_Source material_:
++++++
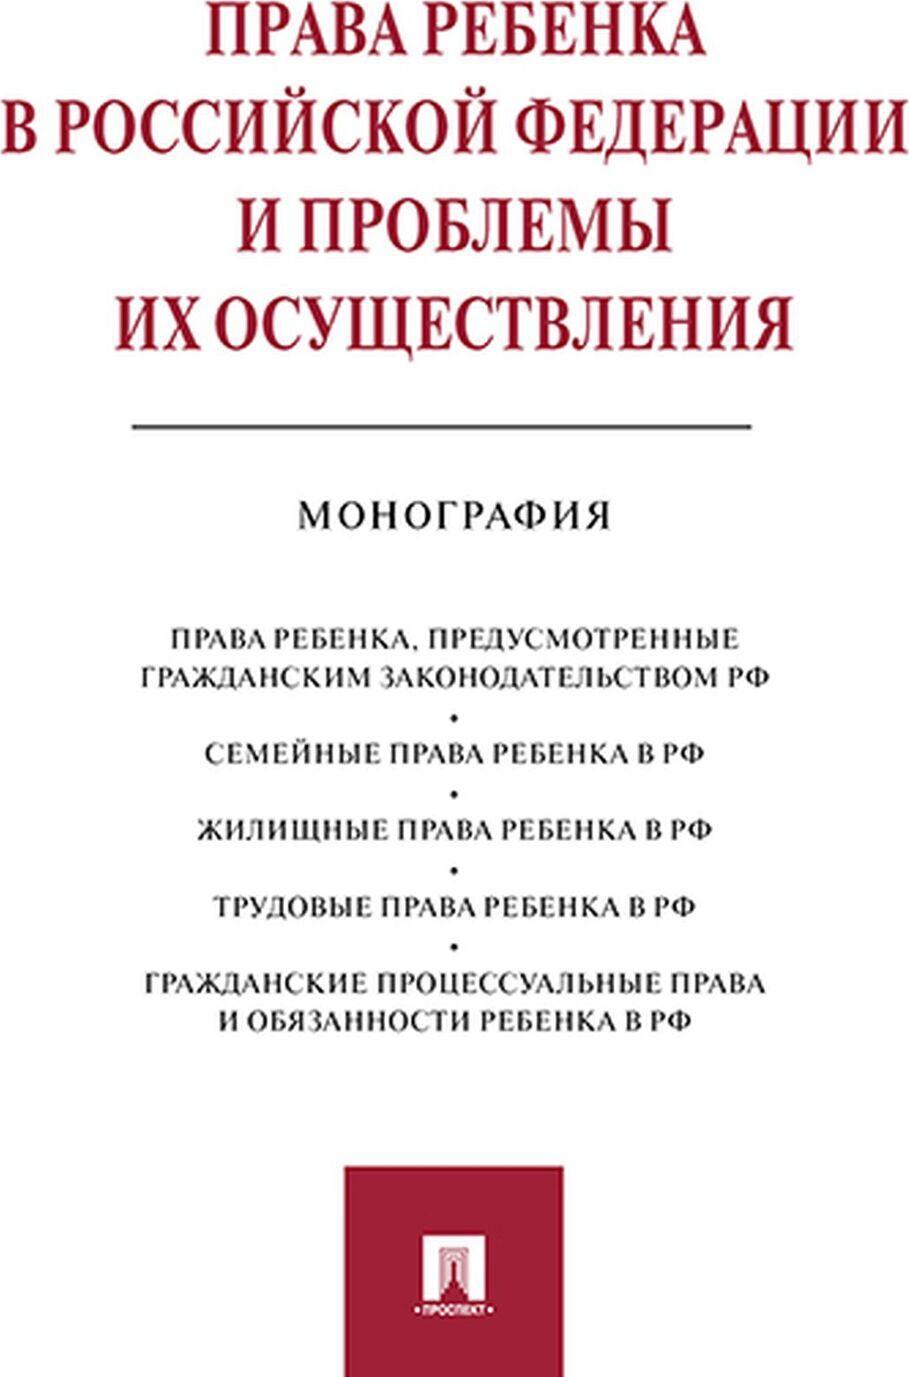 Prava rebenka v RF i problemy ikh osuschestvlenija.Monografija.
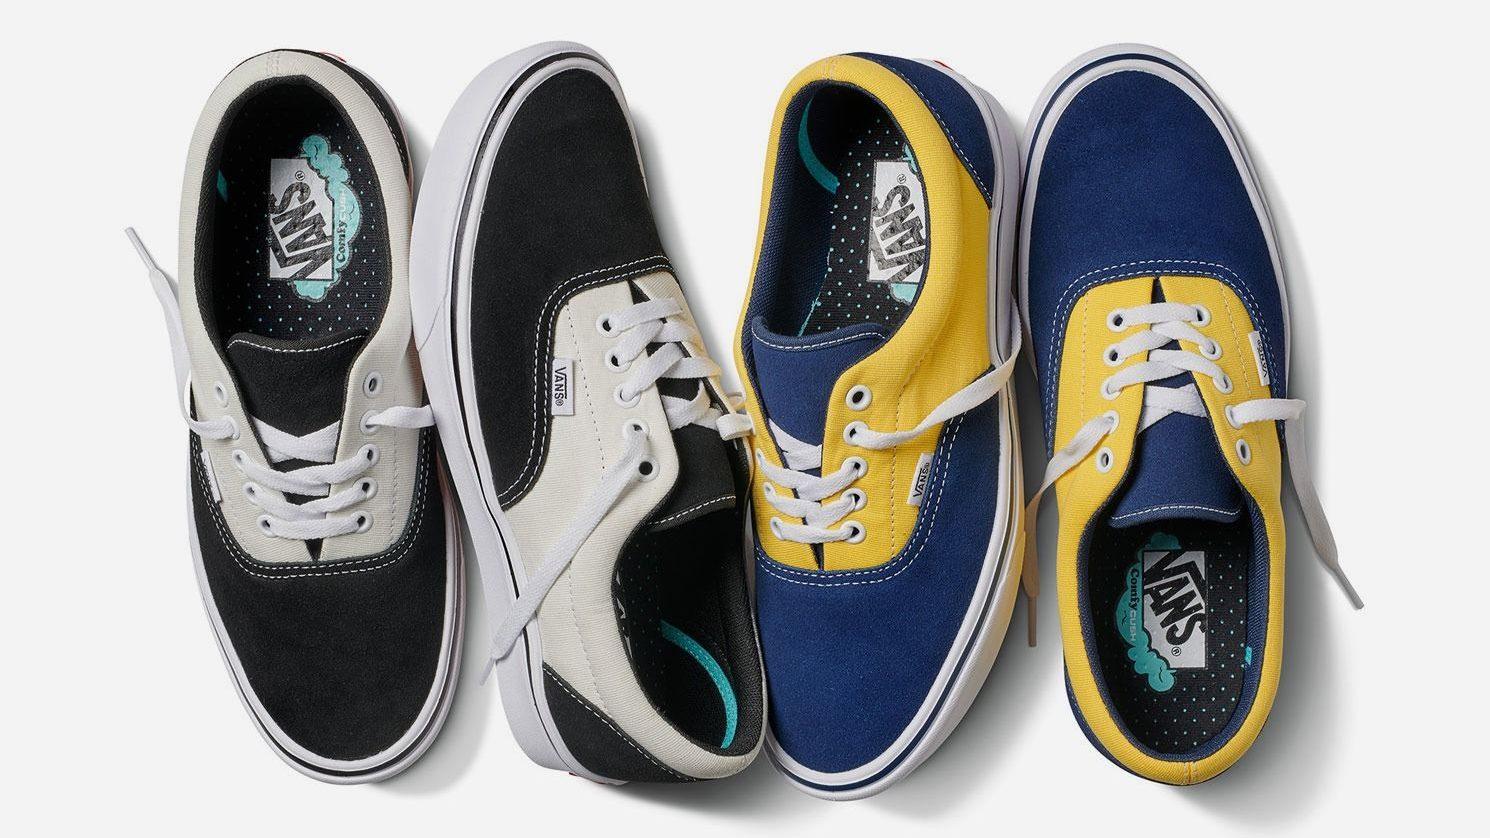 Bra bästa värde ganska billigt Vans's ComfyCush Era sneaks modern cushioning into classic shoes ...
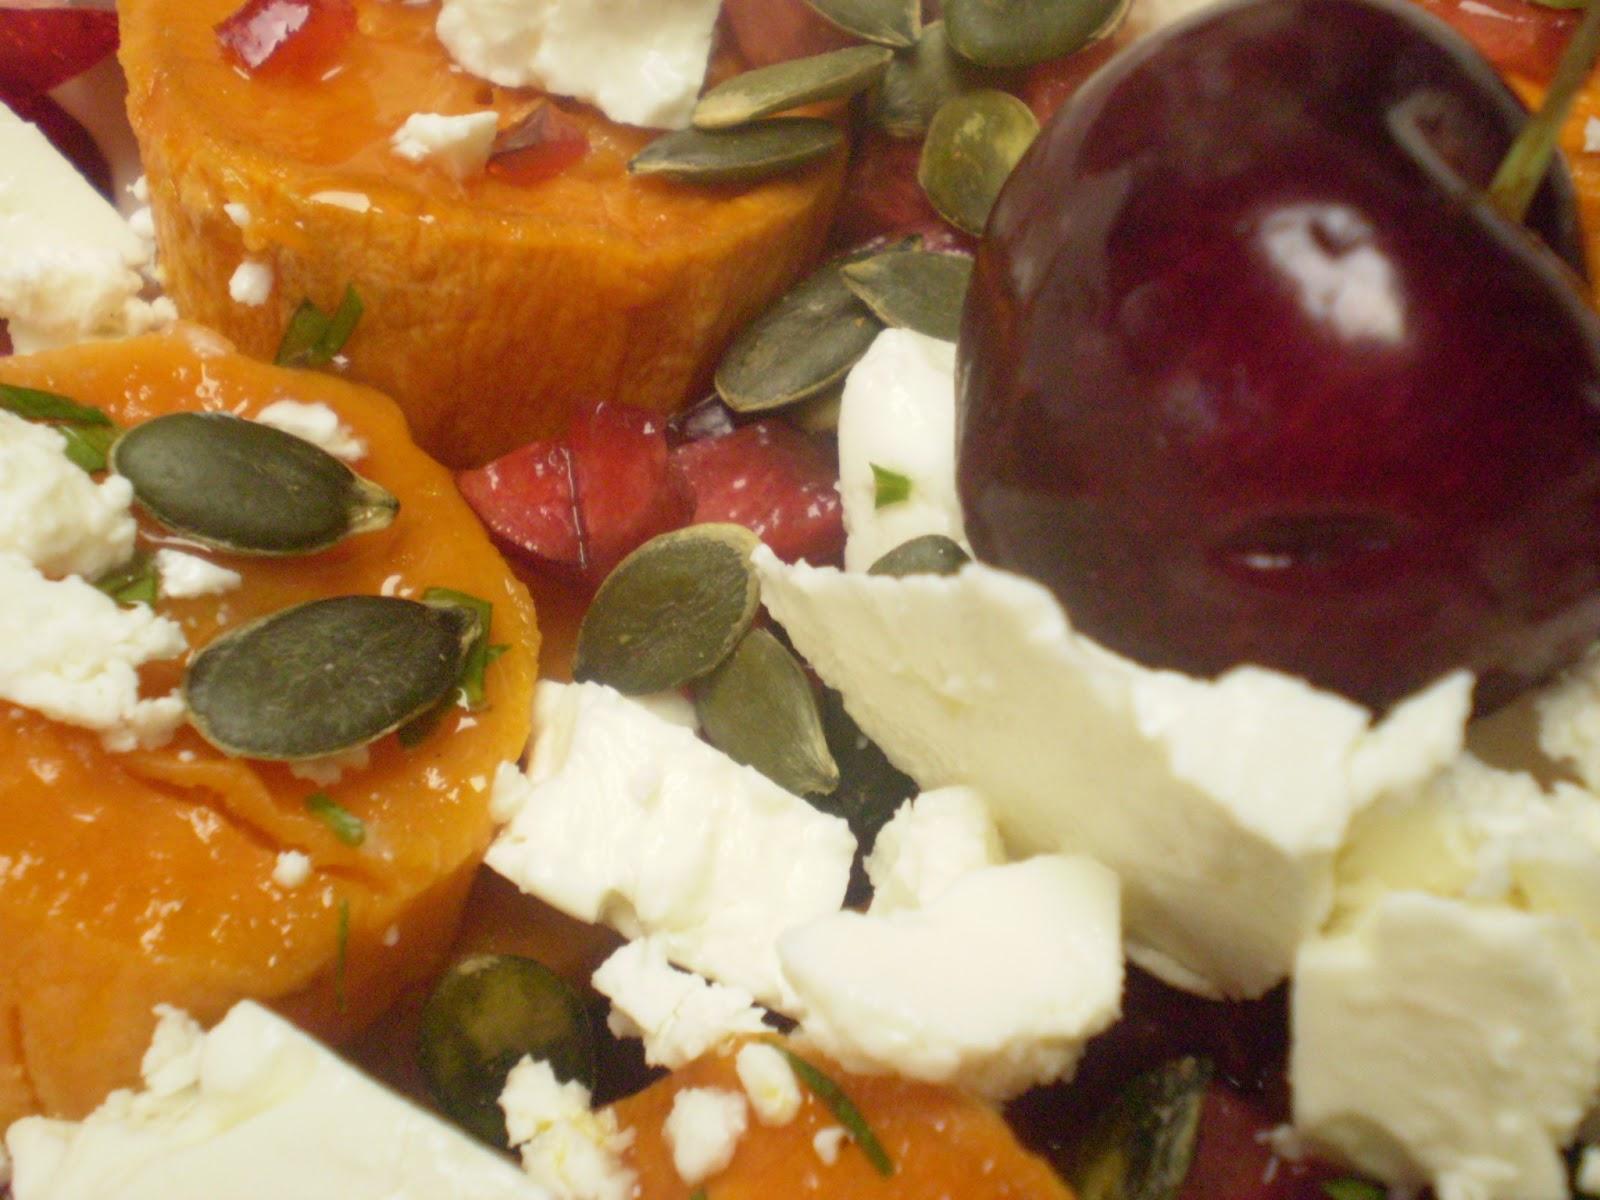 Salade de patates douces aux cerises de Candice
++++++
Output each line exactly as shown above; no pictures go in the copy.

 Prava rebenka v RF i problemy ikh osuschestvlenija.Monografija.
 Bra bästa värde ganska billigt Vans's ComfyCush Era sneaks modern cushioning into classic shoes ...
 Salade de patates douces aux cerises de Candice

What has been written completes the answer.